Каким образом и через сколько минут мы остановились, я не знаю. В какой-то момент Егор просто убрал своё колено, отпустил руки и отошёл на шаг. Он по-прежнему тяжело дышал. По-прежнему смотрел мне в глаза. По-прежнему чувствовал, как я дышу. Он вздрагивал всякий раз, когда раздавался мой слишком глубокий выдох. Ему становилось лучше. Прояснялся разум, и эмоции покорялись. Самообладание к нему вернулось быстрее, чем ко мне. Я же успокоилась не сразу. Он отошёл, а я всё ещё чувствовала какие-то прикосновения к шее, дыхание на губах, тиски на запястьях. Их не было на самом деле, но ощущение близости до сих пор призраком витало вокруг меня и этого самого места, у этой двери. Всё тело продолжало гореть огнём, только пламя угасало уже. Каким образом нам удалось остановиться? Наверное, я сейчас подозрительно оптимистична.

На деле, ничего не могло произойти. Мы в лицее. Мы – это ученица и почти учитель. С разницей в шесть лет. С разницей в социальных статусах. С разницей, которой почти не было, в характерах. После того, как я увидела его так близко, как он испытал передо мной такие чувства, я не могла не заметить того, как хорошо его знаю, о скольких вещах догадывалась и сколько общего у нас. Пожалуй, рассказывать об этом всём слишком рано. Я бы хотела проверить на практике свои заметки.
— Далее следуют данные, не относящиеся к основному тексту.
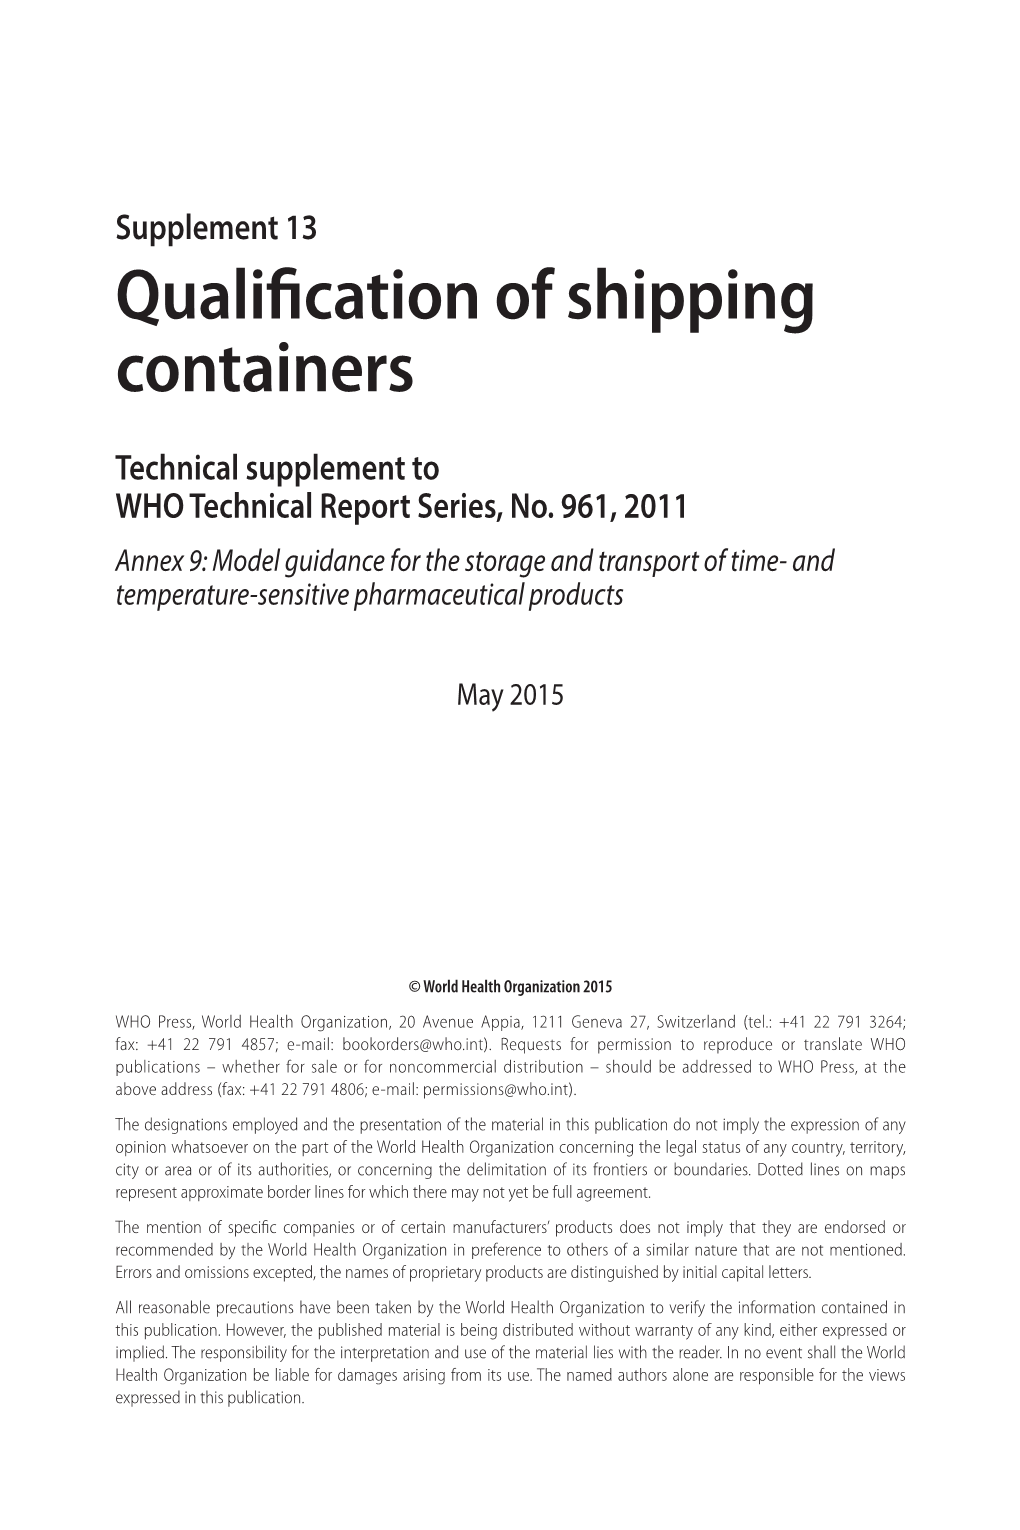 Technical Supplement 13: Qualification of Shipping Containers

Слишком бесчувственный монолог.

На самом деле я просто пытаюсь казаться такой, какой не являюсь. В тот момент во мне было столько эмоций, столько гормонов, столько вожделения, что я едва ли могла соображать. Мы просто смотрели друг на друга, иногда моргая, словно убеждались в том, что всё ещё помним, берём власть над собой и держим дистанцию.

Её мы сдержали. Как только за дверью стали слышаться слабые разговоры, мы пришли в себя. Постепенно начали заниматься своими делами: я вспомнила, что должна была пойти домой, уже написала Косте, и все мои вещи здесь, в 306-й. Егор Дмитрич достал из кармана пальто сигареты и зажигалку, подошёл к окну (пластиковое), открыл его настежь и присел на подоконник, как некогда в уборной.

- Никому ни слова, - после сильной затяжки произнёс практикант, выдыхая дым и ртом, и носом.

- Мы оба знали, на что идём. Ведь так? – я говорила устрашающе просто.

Взрослый мужчина уделил мне столько внимания. Если с ним ребячиться и строить из себя недотрогу, то попадусь в очередную ловушку его обаяния. За взрослые поступки отвечать надо по-взрослому. И давайте будем откровенными, в семнадцать лет сердце, может, и трепещет, как от первой любви, но не знать, что следует за этими сердечными муками и духовными отношениями – слишком по-детски. Старая советская закалка, когда узнать о сексуальных отношениях можно было только из разговоров со слишком откровенными родителями или из учебников по анатомии. Как тривиально. Нынешнее поколение более мобильно. Поэтому и я была подкована в этой теме неслабо, что и привлекло внимание практиканта. Ведь в его глазах я ученица, младше него самого и, скорее всего, несмышлёныш женского пола с обычным гормональным выбросом.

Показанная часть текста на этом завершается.